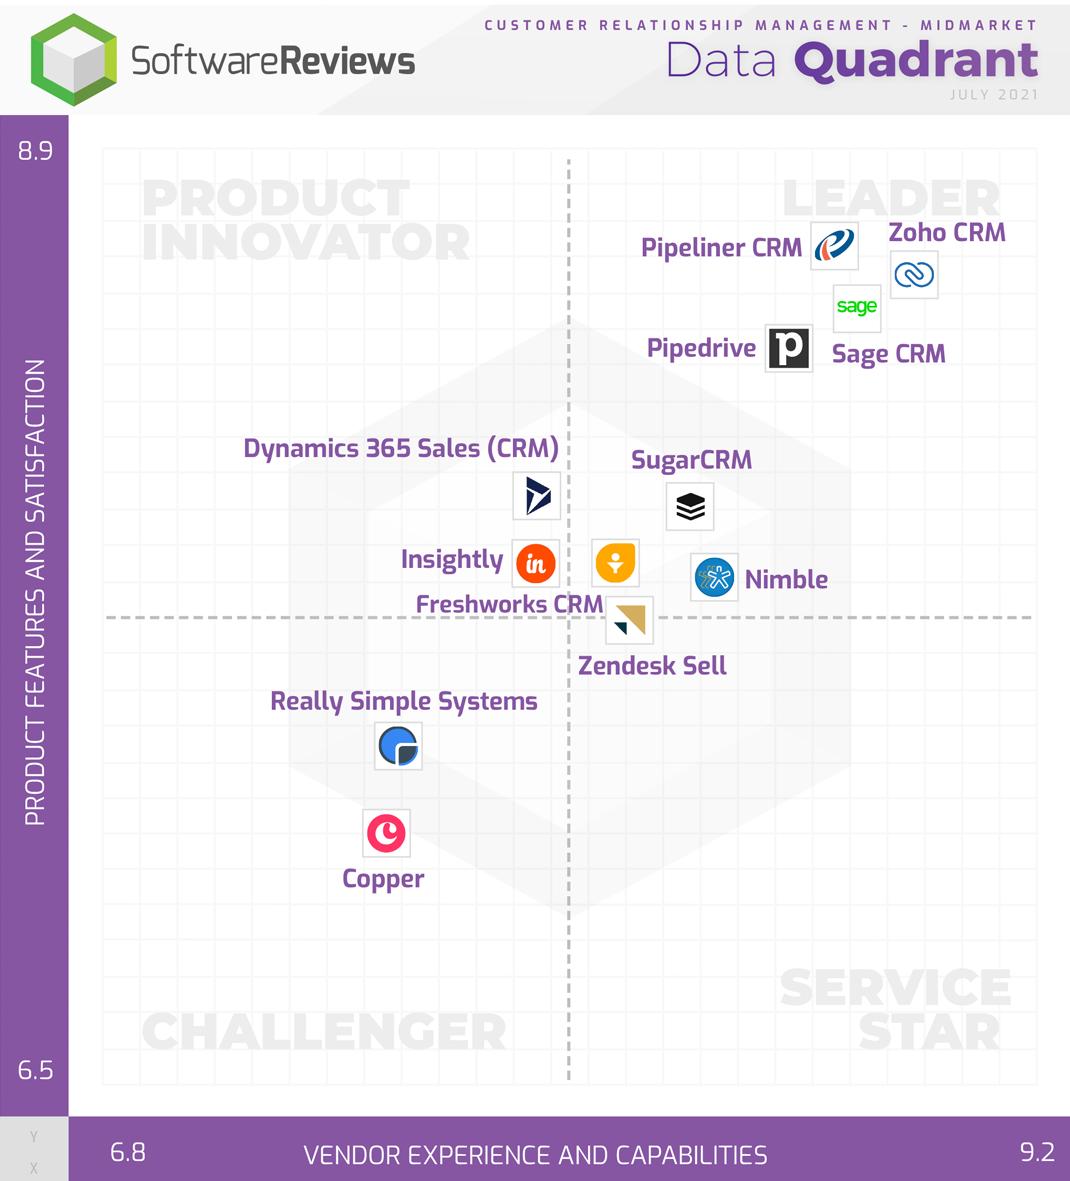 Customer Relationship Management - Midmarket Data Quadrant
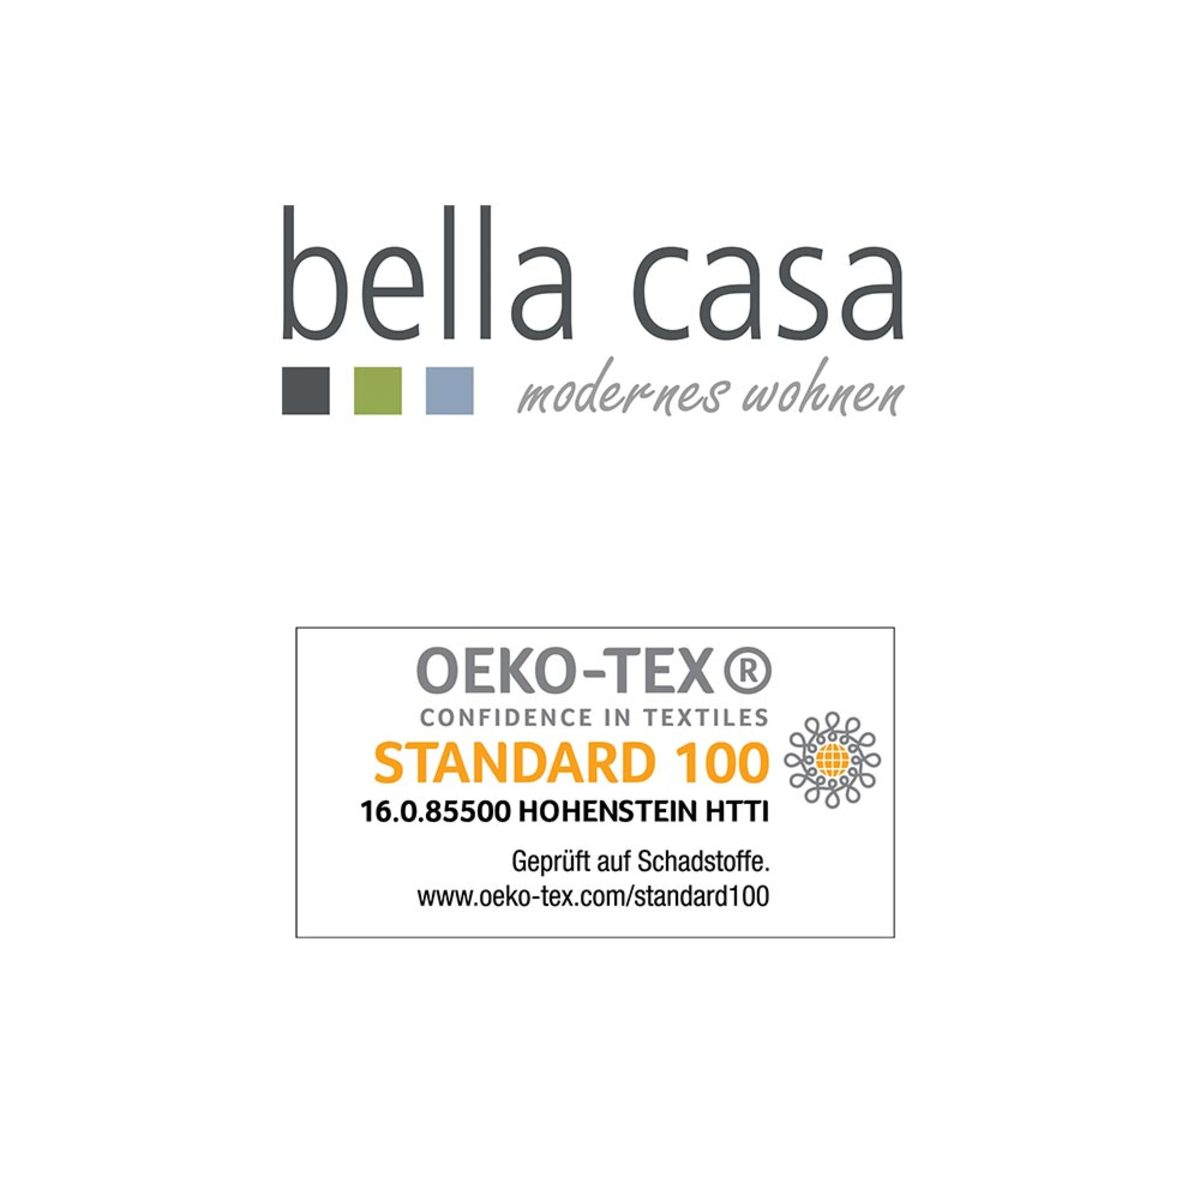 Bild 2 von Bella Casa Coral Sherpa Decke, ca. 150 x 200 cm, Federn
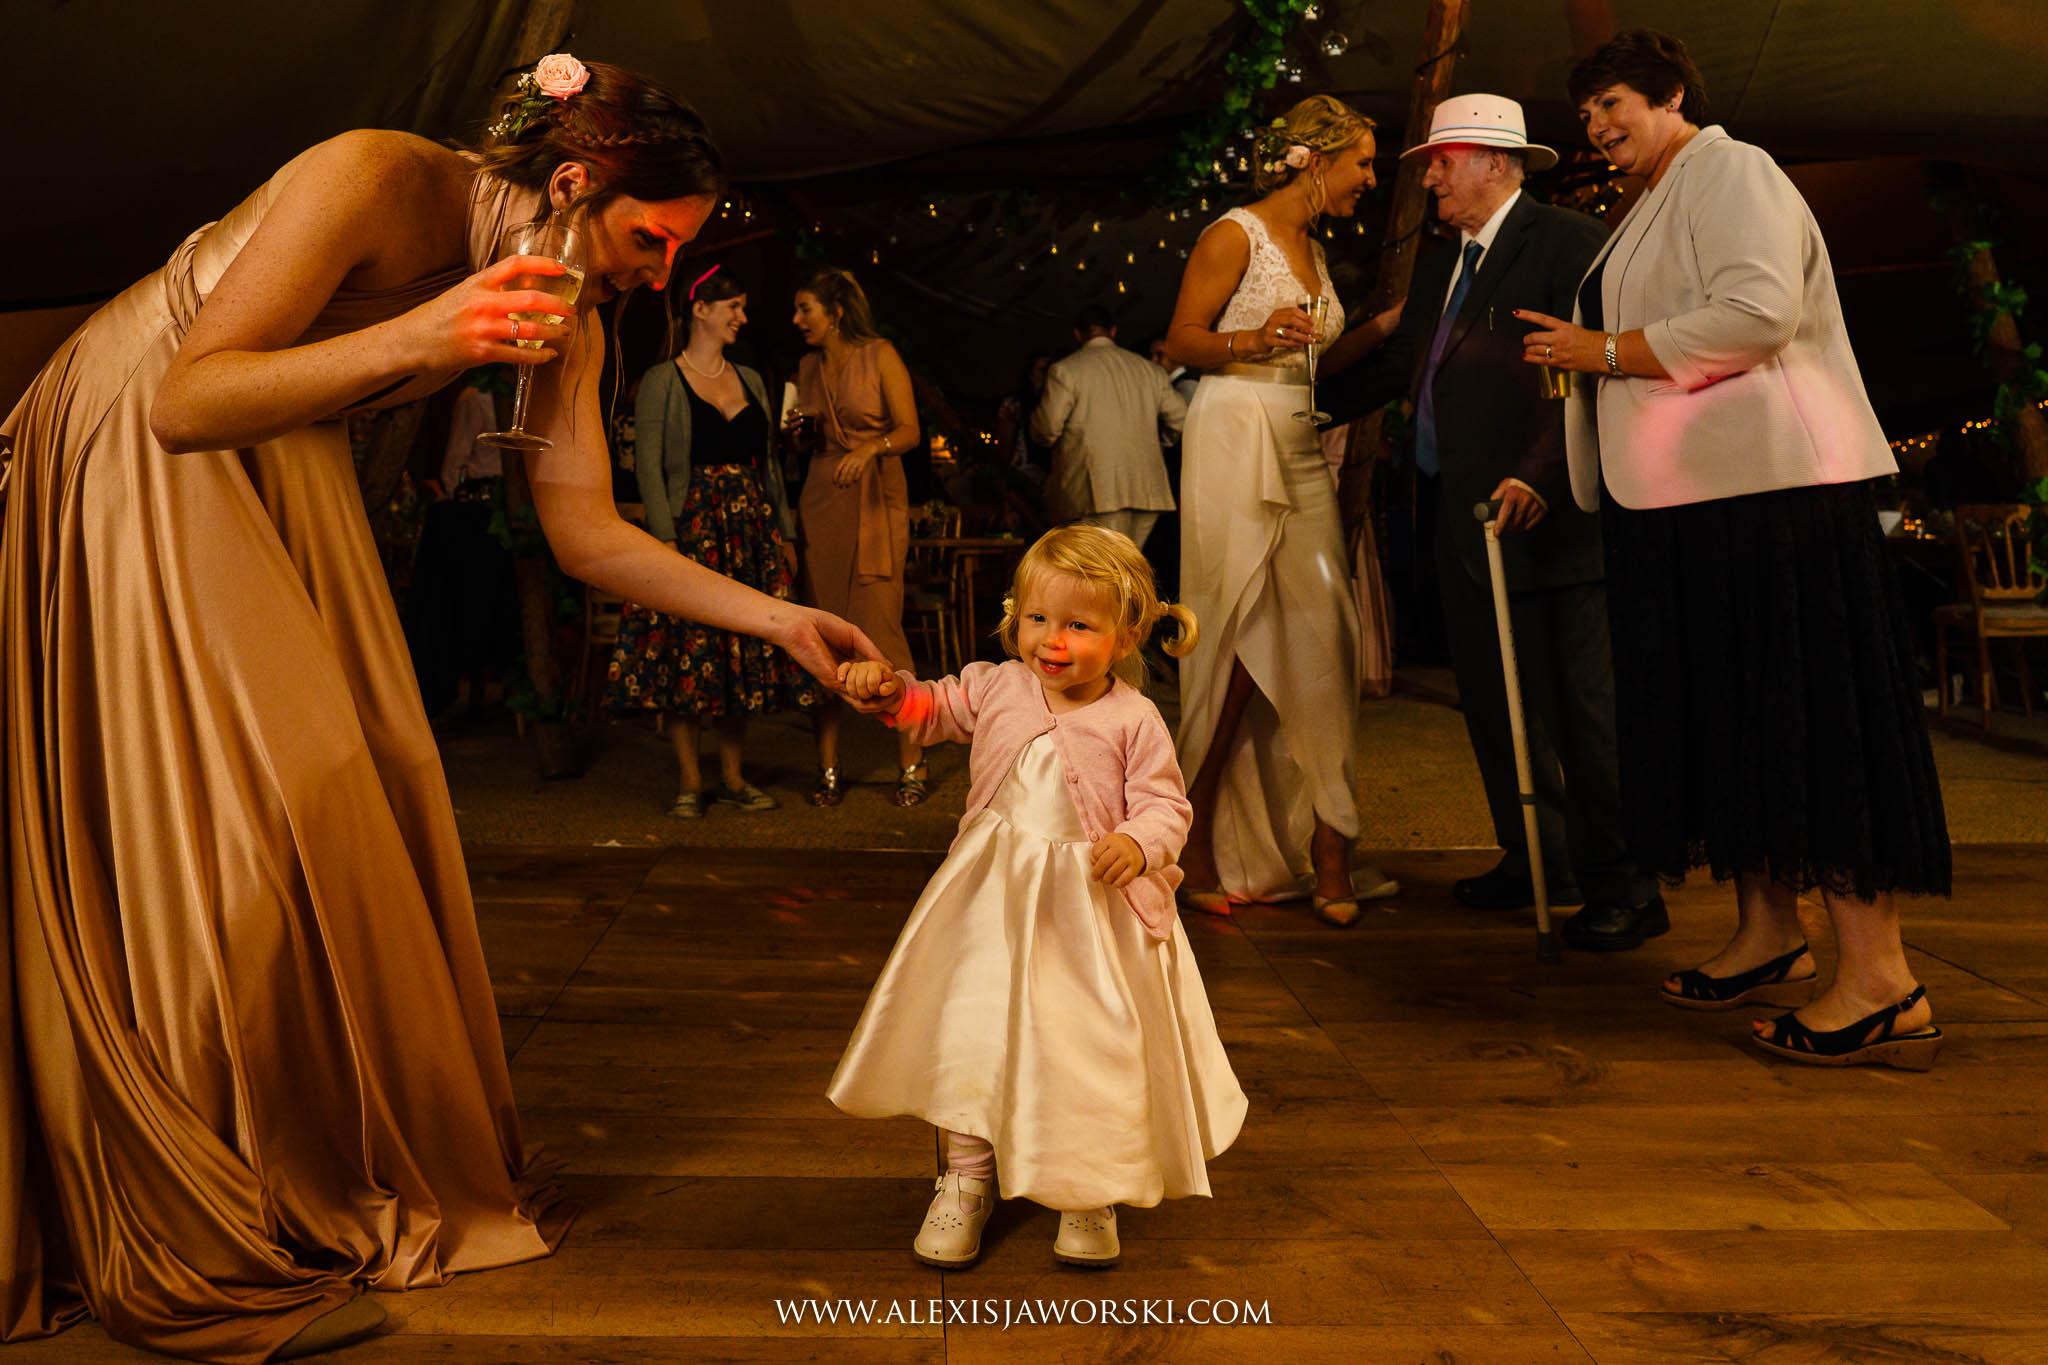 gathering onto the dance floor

**How to complete this task**: Please transcribe the material above exactly as written. Leave the pictures out.

**Output of the exercise**:
 Customer Relationship Management - Midmarket Data Quadrant
 Bild 2 von Bella Casa Coral Sherpa Decke, ca. 150 x 200 cm, Federn
 gathering onto the dance floor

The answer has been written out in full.